Luckily, the food holds up pretty well, although some dishes are better than others. From the small plates menu, edamame (£3) is a plentiful portion, with the beans nice and plump and sprinkled with a good amount of rock salt. The sashimi salad (£7) is good as well, with two fat slices each of tuna, salmon and yellowtail, arranged around a salad dressed with tangy yuzu sauce on a bed of sliced, pickled fennel, which adds a surprising amount of sweetness. Other small plates include lobster salad, pork ribs and the interesting sounding wild boar rolls.

Large plates include common Japanese dishes (black cod and miso, wagyu beef) but some more unusual choices as well, including quail marinated in garlic soy sauce accompanied by a nashi pear poached in plum wine. The black cod (£11.95) is presented simply, on a banana leaf with wedges of lemon and lime. The fish is cooked well and is soft and flaky, whilst the miso sauce is sweet without being too overpowering. On the side is a pickled ginger stalk, which doesn’t really add much in terms of flavour but the bright pink top is eye-catching. Wagyu beef onglet (£14.95) is also on offer, seared on the outside and rare in the middle. Whilst the soy sauce it’s braised in tastes strongly of brown sugar, which works really well with the meat, the outside of each piece is tough and hard to chew. Accompanying it is a hijiki seaweed salad, with tiny, chewy pieces of black seaweed, however there’s so much soy sauce in the bottom of the dish that the seaweed winds up swimming in it.

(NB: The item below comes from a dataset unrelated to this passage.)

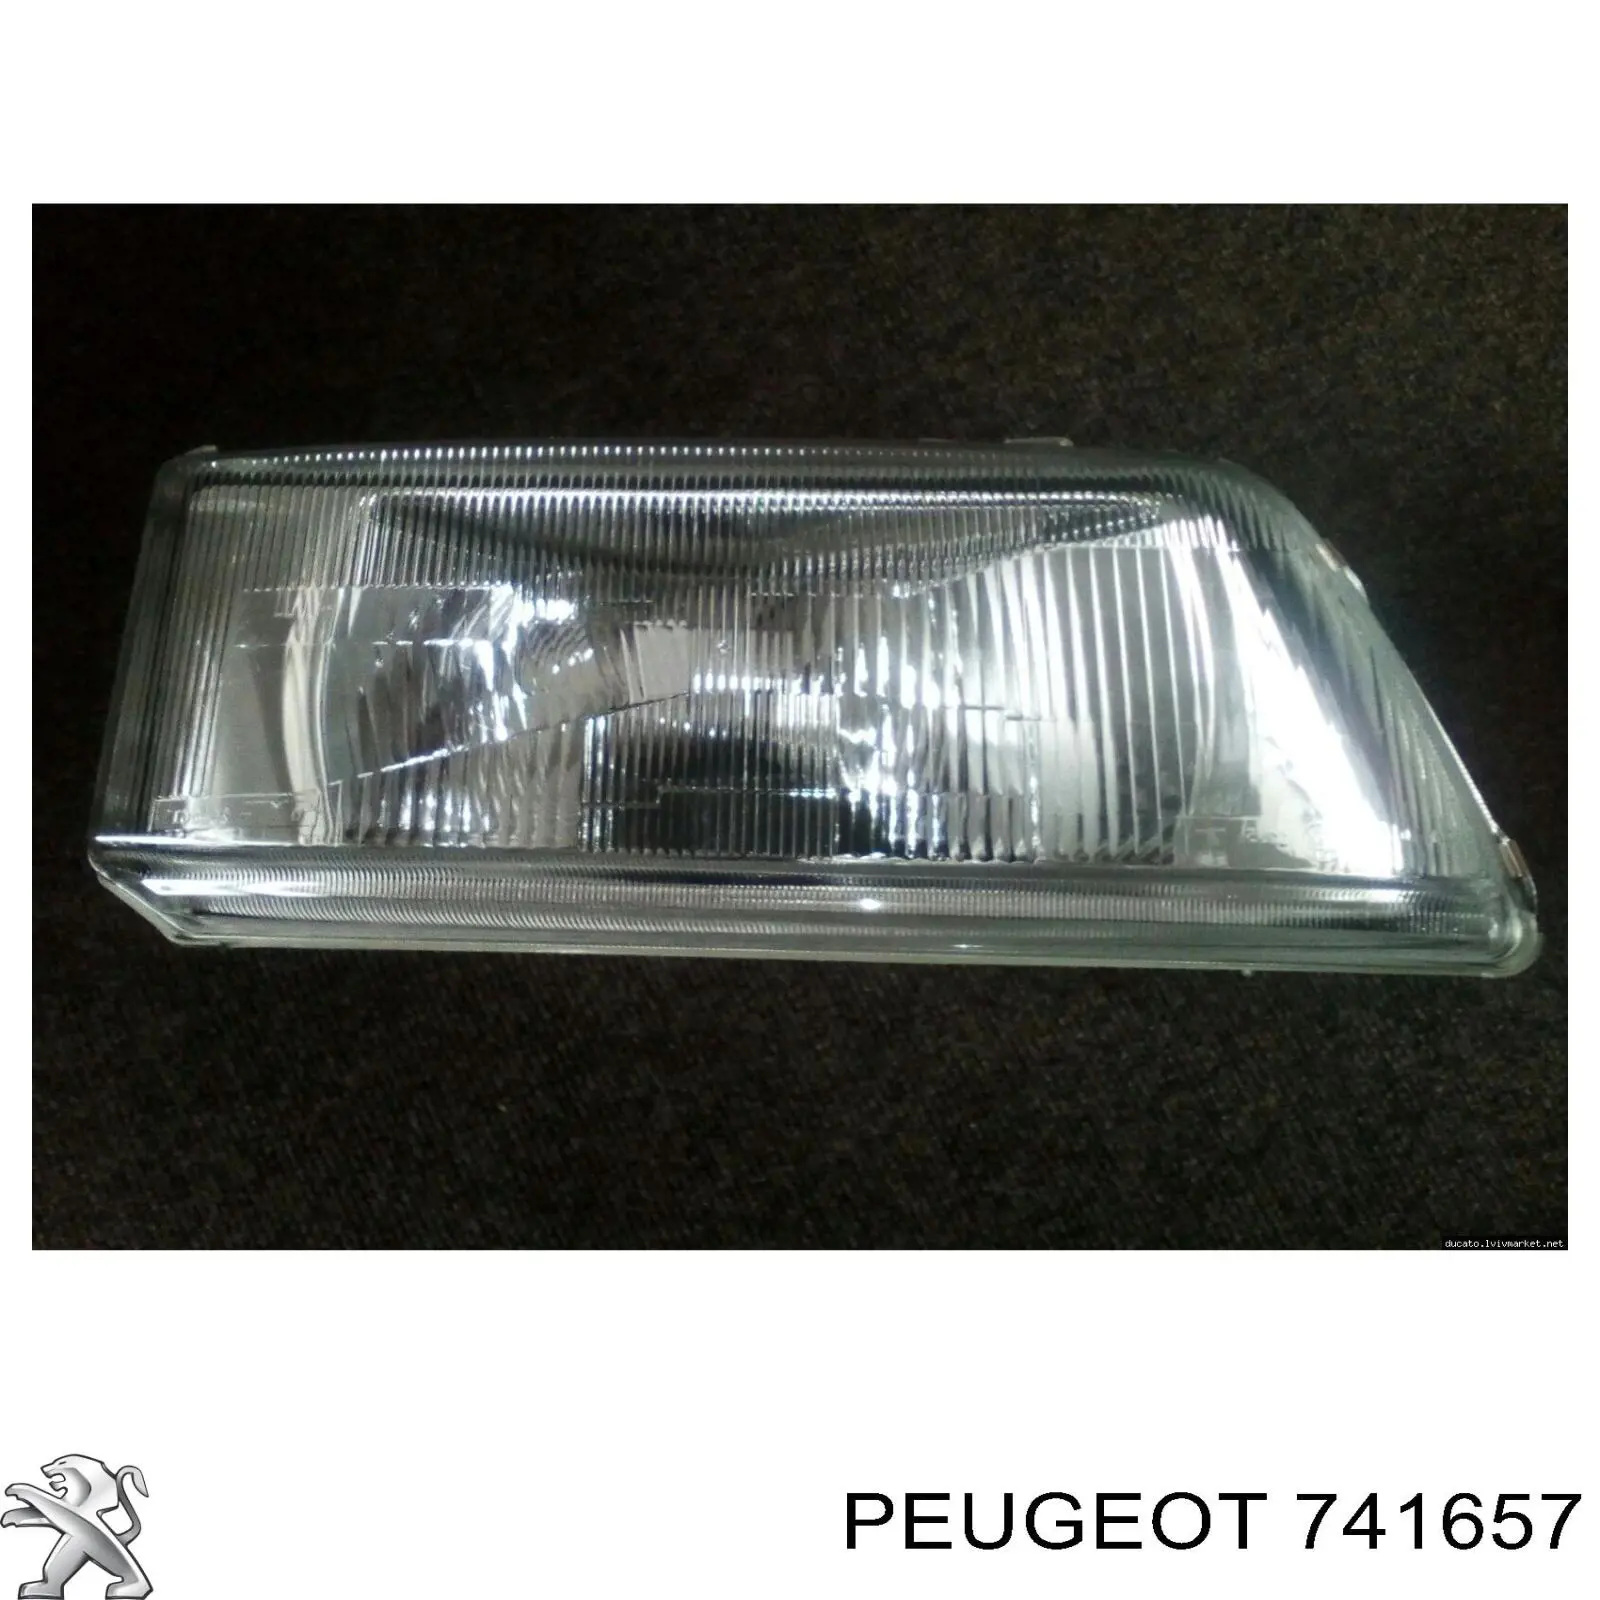 741657 Peugeot/Citroen consola do pára-choque dianteiro
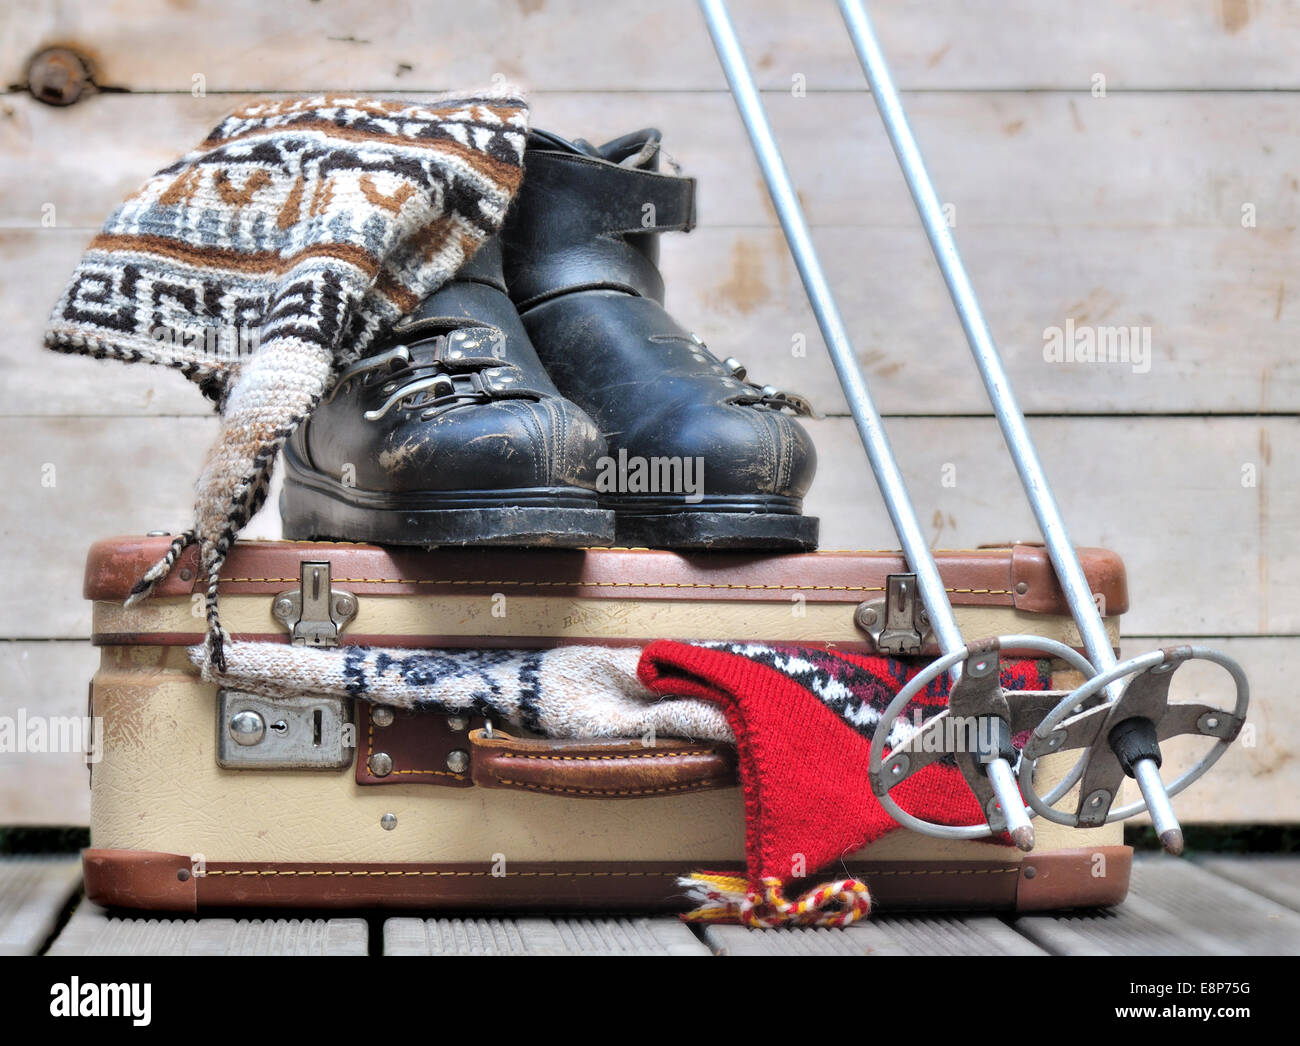 Viejas botas de esquí en una pequeña maleta llena de ropa de abrigo Foto de stock

There are five types of dessert, including a selection of homemade ice creams and sorbets at £3.75. Vanilla creme brulee (£5) comes with a jellied layer of strawberry and lemongrass coulis on top of the pudding, which intensifies the richness of the vanilla. Instead of the usual burnt topping, there’s a paper-thin sheet of raspberry-flavoured wafer lightly resting on top. Mango and sticky rice (£5.50), a traditional Thai dessert, comes with a scoop of lime sorbet, which is just sharp enough without being too bitter. The sticky rice is appropriately sugary and gloopy, and the grains of rice are black which makes for a nice contrast to the bright, warm slices of mango.

The Drink
The drinks list is divided up into wines, beers, cocktails, soft drinks and hot drinks, and you choose these the same way as your food. It’s best to order them as quickly as possible, so you can sip them whilst playing around with the rest of the menu. The only beer available is Asahi (£3.30) but there are seven bottles of red (from £13.50 - £30) and five bottles of white (from £14 to £30), as well as quite a few choices by the glass from £3.95. Five types of sake are also available as well as several cocktails at £6.50. The house cocktail is an inamo, which warns that it’s quite spicy, and made with mandarin puree, spring onion, Smirnoff Black and chilli syrup. The Thai Sapphire, made with a quarter of an apple, lime juice, Smirnoff Black and pomegranate juice, is a light and delicate, girly pink drink with a pomegranate wedge floating on top. Although almost shockingly neon yellow in colour, the Sake Martini proves to be well made, blended with pineapple juice and midor lime juice, so sweet that you almost can’t taste the sake.

The Last Word
It’s not fine dining, but it’s fun. Considering how quickly technology changes, however, hopefully inamo can keep up with the times or else, in a few years, it’ll risk being very dated. In the meantime, though, it’s doing something that’s never been done before, which is a huge accomplishment. Who knows what the future holds?